# Complete Guide to Tracking Your Machine Learning Experiments With MLFlow and DagsHub
## Create reproducible and flexible ML projects
![](images/pexels.jpg)
<figcaption style="text-align: center;">
    <strong>
        Photo by 
        <a href='https://images.pexels.com/photos/2280571/pexels-photo-2280571.jpeg?auto=compress&cs=tinysrgb&dpr=2&h=650&w=940'>Chokniti Khongchum
        </a>
        on 
        <a href='https://images.pexels.com/photos/2280571/pexels-photo-2280571.jpeg?auto=compress&cs=tinysrgb&dpr=2&h=650&w=940'>Pexels.</a>
    </strong>
</figcaption>

### Introduction

Do you ever get sick of it when people keep saying data scientists spend 80% of their time cleaning data? While it is true, another part of the machine learning workflow deserves as much attention. That's machine learning experimentation. 

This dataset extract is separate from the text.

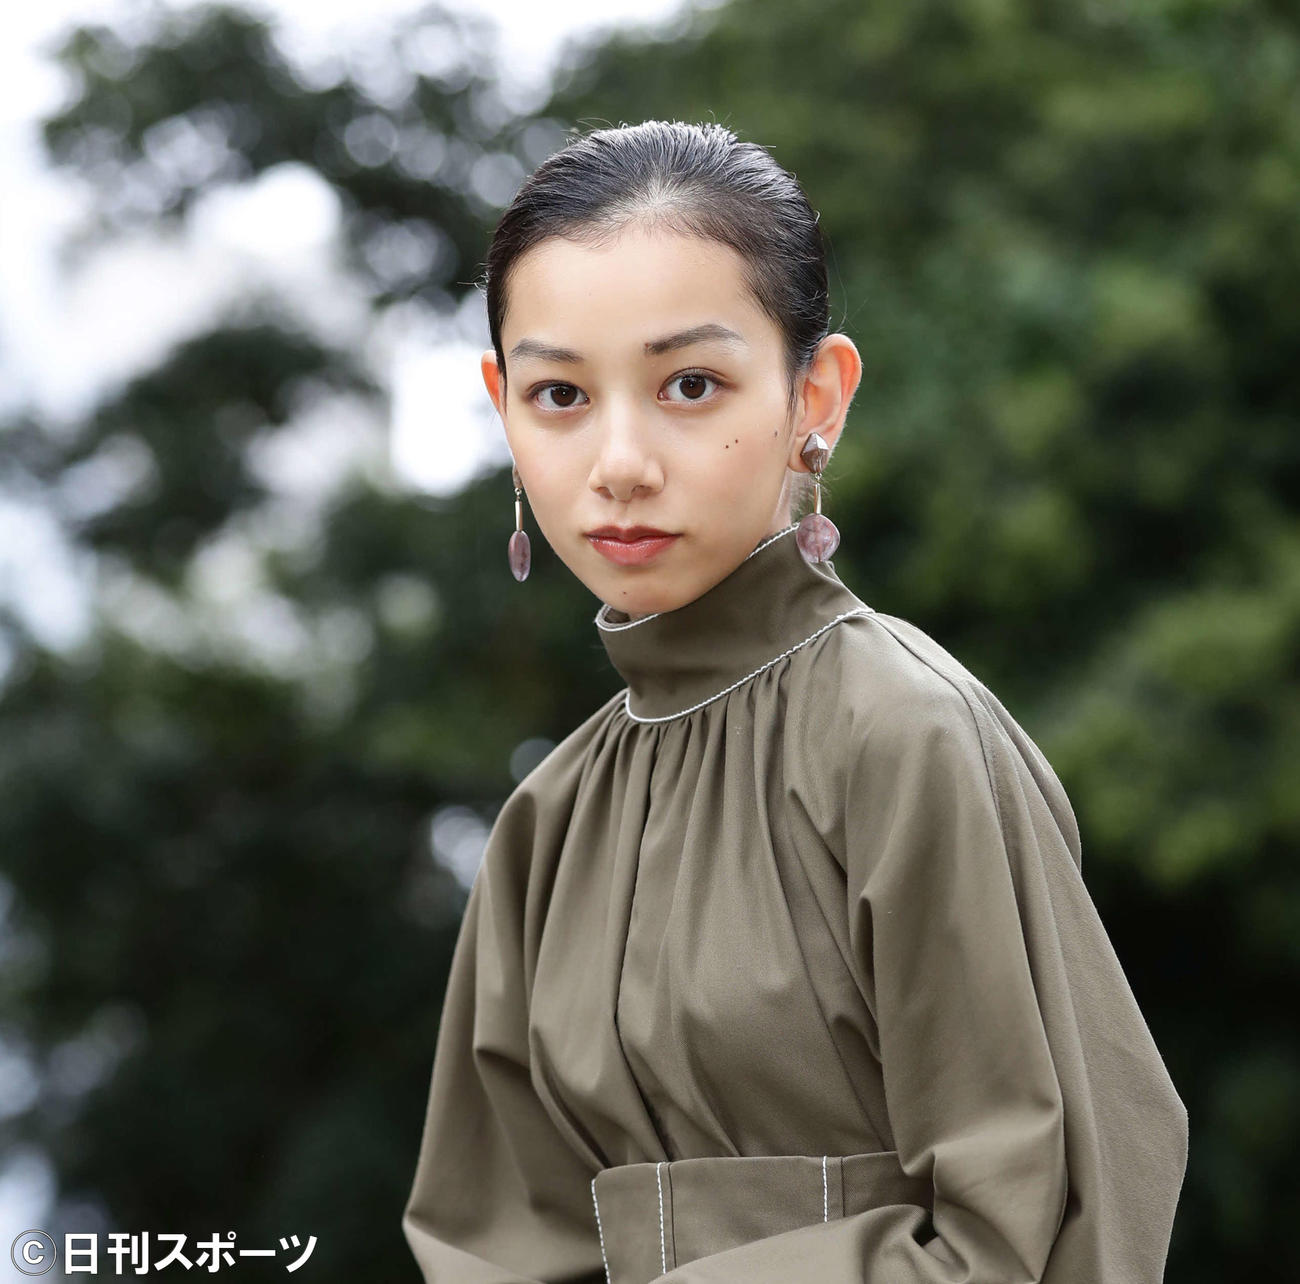 秋の装いがよく似合う長澤樹。カメラを向けると、15歳とは思えない大人びた表情や仕草を醸し出した（2021年9月撮影）

### What does it mean to track machine learning experiments?

In any machine learning project, it takes a long time and effort to build a model that meets your expectations. 

### Setup

Even though this article can be read on its own, it is part two of the project I've been doing using the Pet Pawpularity competition data from Kaggle. The aim of the project is to predict a pet's cuteness score given its image and metadata.

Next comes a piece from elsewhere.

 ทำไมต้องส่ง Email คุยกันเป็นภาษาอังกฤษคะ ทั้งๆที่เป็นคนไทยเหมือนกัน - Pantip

In [part one](https://towardsdatascience.com/open-source-ml-project-with-dagshub-improve-pet-adoption-with-machine-learning-1-e9403f8f7711?source=your_stories_page----------------------------------------), I explained my approach to solving the problem, the tools I've used and took a first look into the images and their metadata. I suggest you read the EDA section to familiarize yourself. 

You can also run the following commands to download the repo into your environment and set up the dependencies.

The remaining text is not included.